La leggenda è pane sempre fresco qui e don Peppino, pure ora che ha il suo caseificio e fa l’aziendatore, crede ai cunti come al Vangelo. Oltre la montagna scorre il torrente Alberolungo e c’è un Salto che da sempre si chiama “della femmina morta”. È sconsigliato andarci. Una voce di donna che è un lamento si leva come una sirena a raggelare i pastori. Quando passava con i figli piccoli, don Peppino cantava e urlava alle pecore per non fare sentire quello stridio dell’altro mondo ai suoi bambini. E c’è una grotta profonda con una truvatura, che secondo i pastori della vallata è finita nella fortuna dei liminoti, quelli del paese di fronte ad Antillo, che ne hanno rotto l’incantesimo. Nella grotta del Salto briganti di un’altra epoca gettarono il cadavere di una donna rapita che cadde morendo dal ponte del torrente Alberolungo. Da tempo don Peppino Miche non va più al Salto ma nelle notti fonde e mute con le cicale e i gufi si confonde lontana anche una voce flebile di donna, appena un fiato o un sospiro che chi non ha le orecchie affinate ai rumori della vallata non può mai distinguere. Non fa passare mai gran tempo per tornare sul pizzo di Montagna Grande a cercare la roccia dove una volta vide scolpite una mano di donna e lo zoccolo di un cavallo ferrato, che tutti hanno sempre cercato perché si sa che stanno a indicare un grande tesoro. Una volta accompagnò un esperto di Roma che dovette rinunciare al proposito di attivare qualche apertura magica ammettendo che si trattava di un tesoro incantato.

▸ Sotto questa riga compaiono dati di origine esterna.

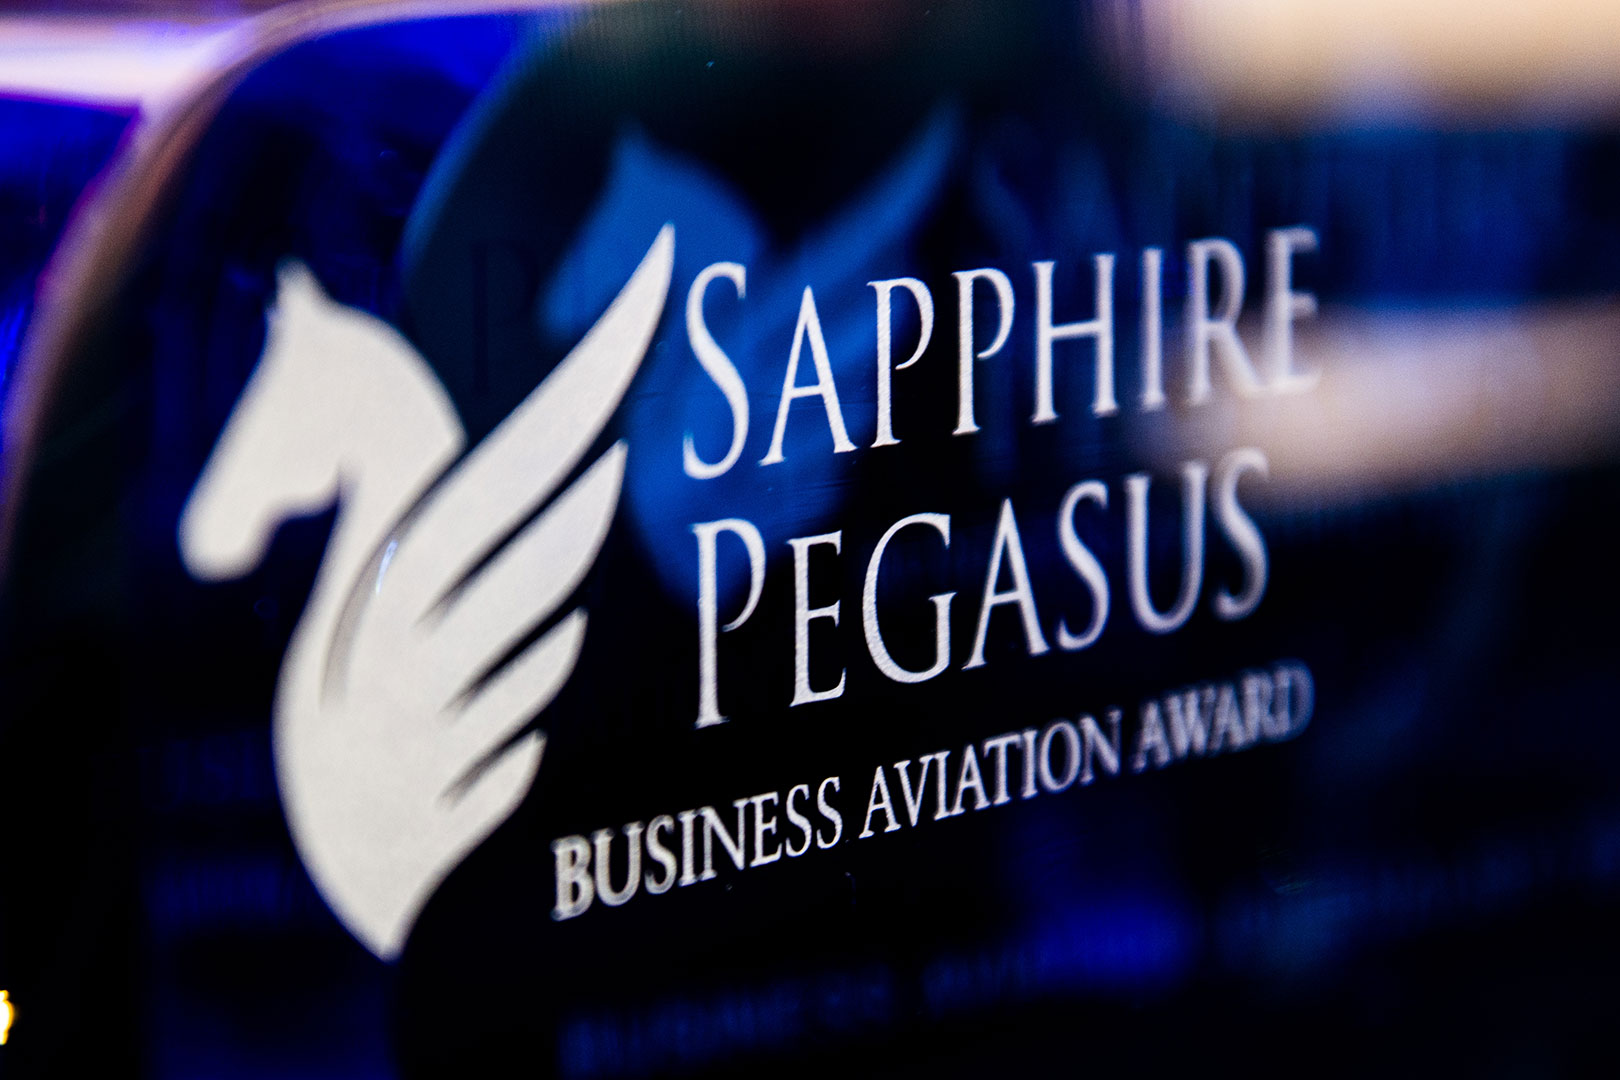 Sapphire Pegasus Business Aviation Awards 2015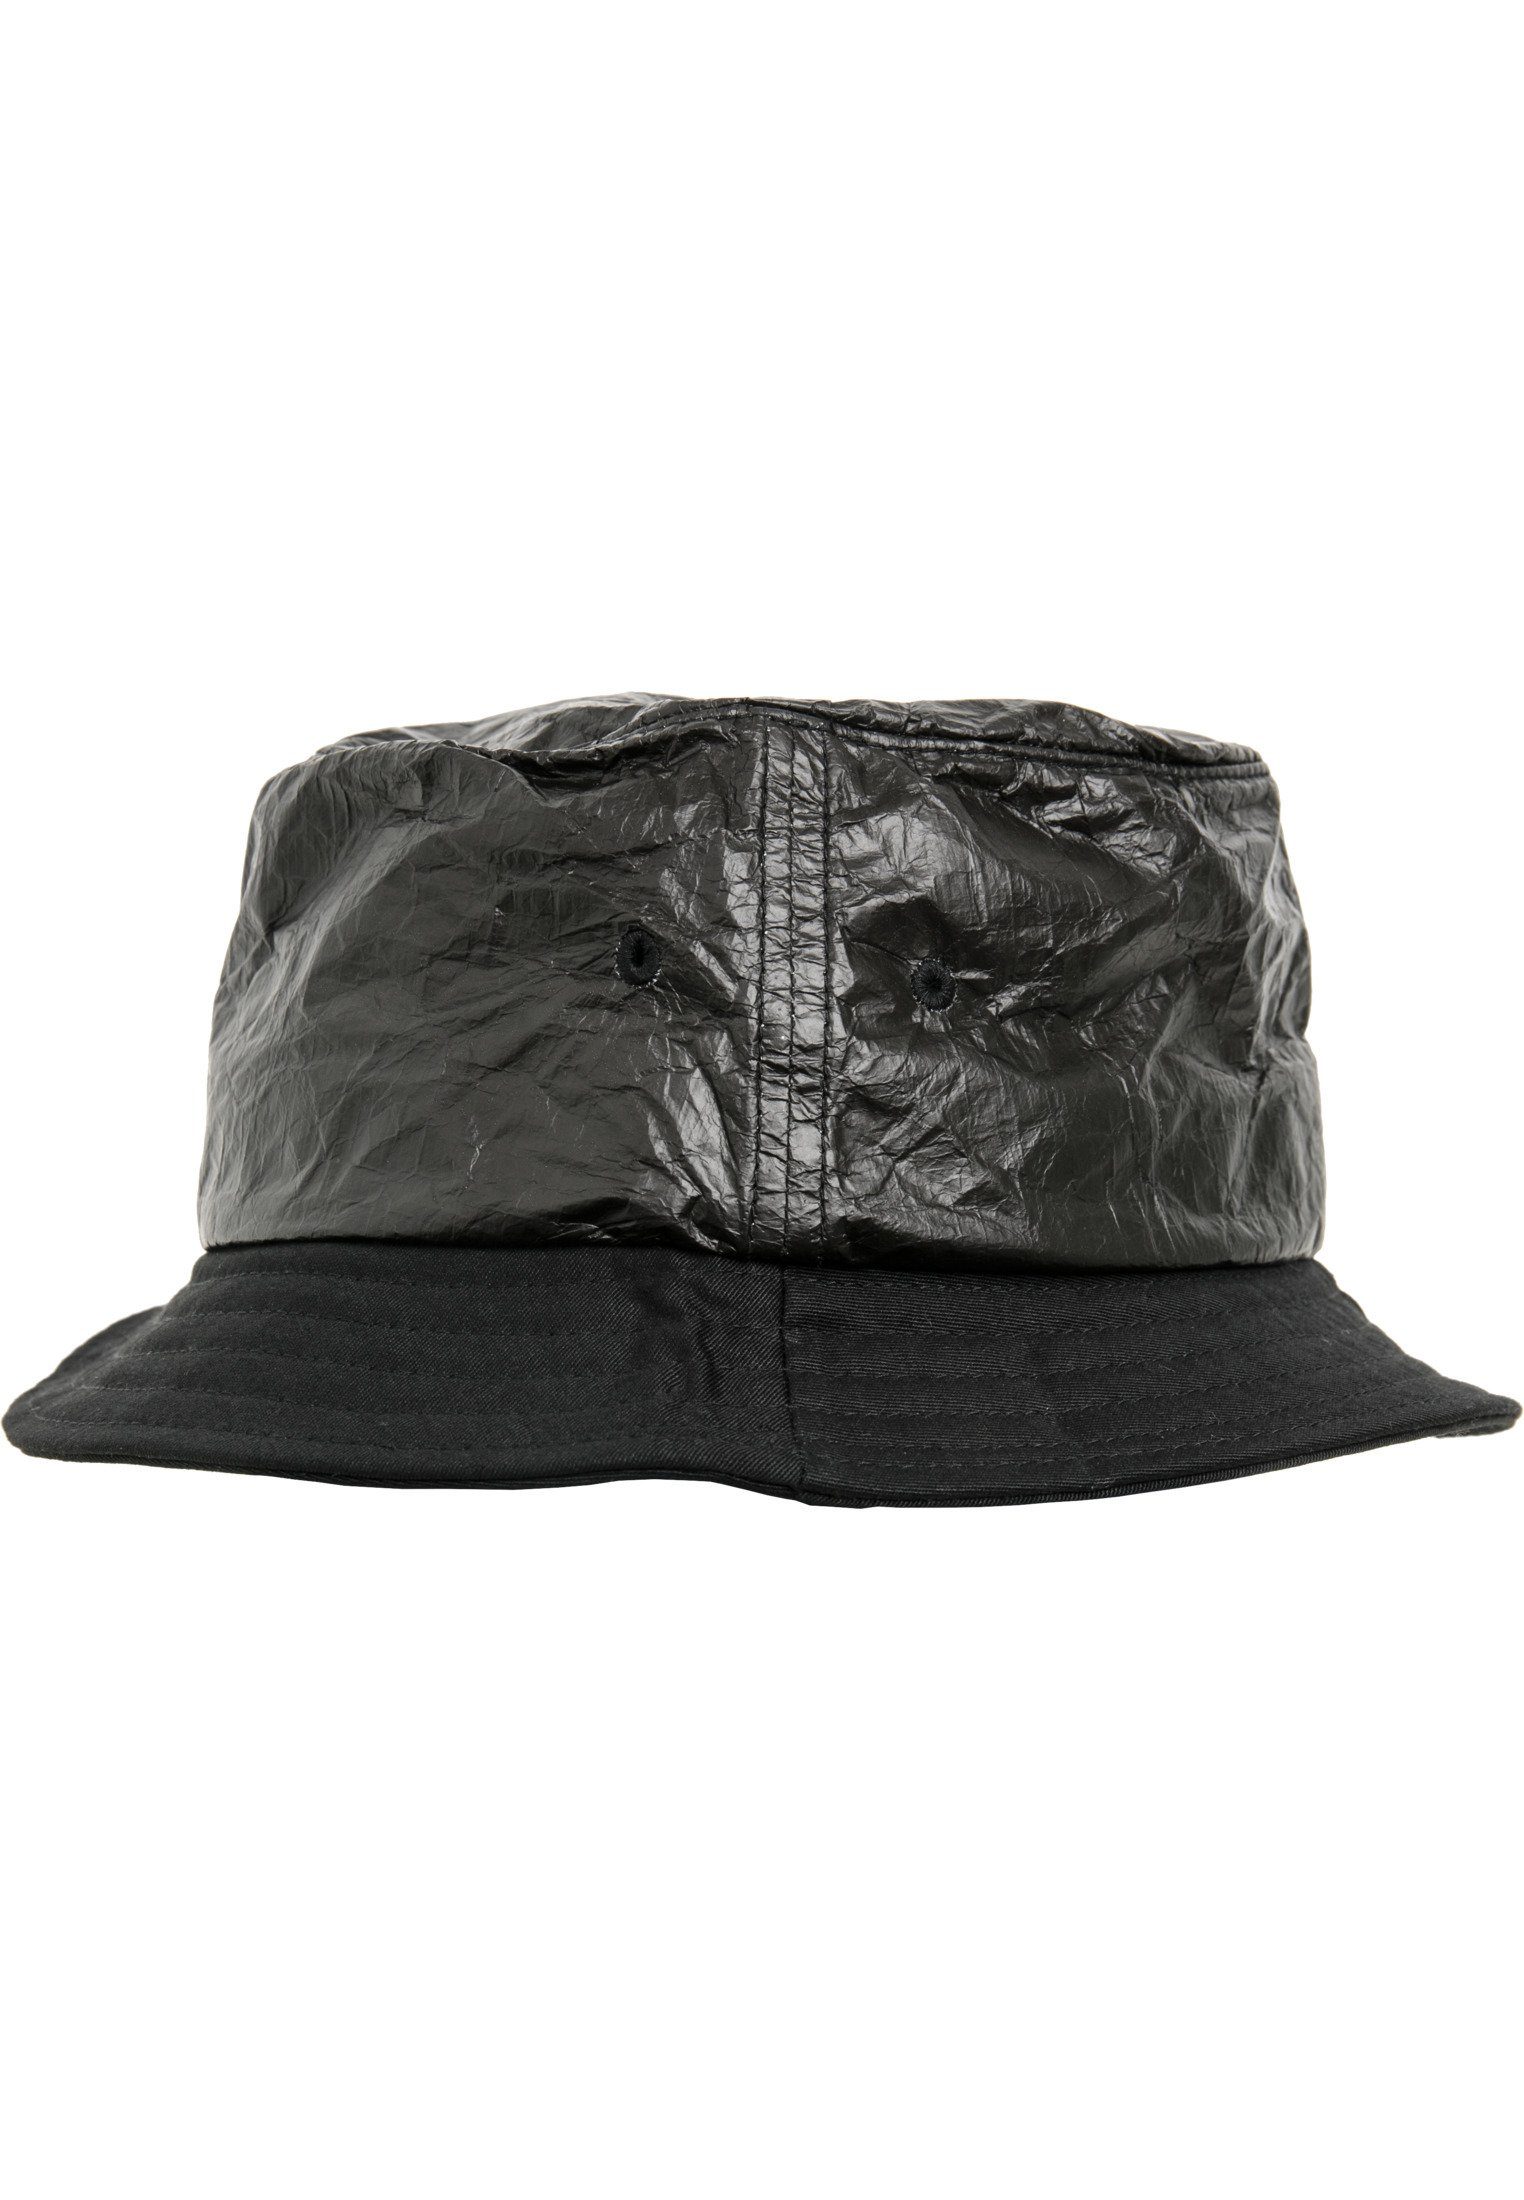 Hat Hat Paper Bucket Cap Crinkled black Bucket Flexfit Flex

Senonché da allora - fatto davvero inaudito - don Peppino non ha più trovato la roccia, che è scomparsa nel nulla insieme con le sue orme. Non si capacita don Peppino, perché conosce la vallata palmo a palmo e si domanda come sia stato possibile che una grande roccia di granito sia andata via dalla montagna, come tolta di peso dalle strie. Ogni tanto qualcuno dei suoi figli, anche Luigi che vuole studiare ragioneria per fare i conti dell’azienda, si inerpica fin lassù a cercare una pietra che forse non c’è mai stata; o che forse è morta come tutte le cose del mondo.
Don Peppino Miche ha un’azienda costituita in cooperativa che produce alimenti caseari, e poi furgoni che trasportano latte e latticini dall’entroterra alla riviera, macchinari e strutture, una casa grande e comoda, fuoristrada, ma è rimasto un pastore che non crede nella medicina ufficiale e che nei sentieri delle sue montagne si muove ancora oggi con maggiore facilità che non nelle stanze pavimentate della sua azienda.
Ma il più famoso, da Castroreale a Novara a Francavilla a Fiumedinisi, è Concetto che ha 62 anni e vive con la moglie al fondo di una chiostra di montagne dove ci si arriva solo con un fuoristrada e dove non esistono, nel raggio di venti chilometri, segni dell’uomo se non la sua casa di pietra attaccata all’ovile. La contrada si chiama “Serra” per l’effetto che crea, chiusa com’è dentro una cinta montuosa refrigerata solo da un torrente che srotola rumoroso dietro la casa. Concetto si chiama Scuderi, ma in tutti i Peloritani lo conoscono come “Costa”. Fino a dieci anni fa aveva 400 tra capre e pecore. Mungeva, tosava e vendeva. Poi, venute le nuove leggi ristrettive, la sua attività si è ridotta sempre di più. Oggi cesella collari per capre in legno con tanto di campanacci e li vende nei mercati dei paesi dove prima portava i suoi animali. È rimasto con poche decine di pecore e capre, ma è rimasto nella sua Serra. D’estate si trasferisce a Montagna Grande, una decina di chilometri verso l’alto, portando con sé la moglie che gli cucina tutto sulla marmitta, devota solo a lui non avendo avuto figli. A Serra manca l’energia elettrica e Concetto ha piantato davanti alla casa, dove posteggia il suo inarrestabile e indistruttibile Toyota, un pannello solare che gli dà 24 volt con cui la sera si fa un po’ di luce. Il telefonino gli è inservibile perché quassù “prendono” solo i nidi delle gazze ladre e degli upupa.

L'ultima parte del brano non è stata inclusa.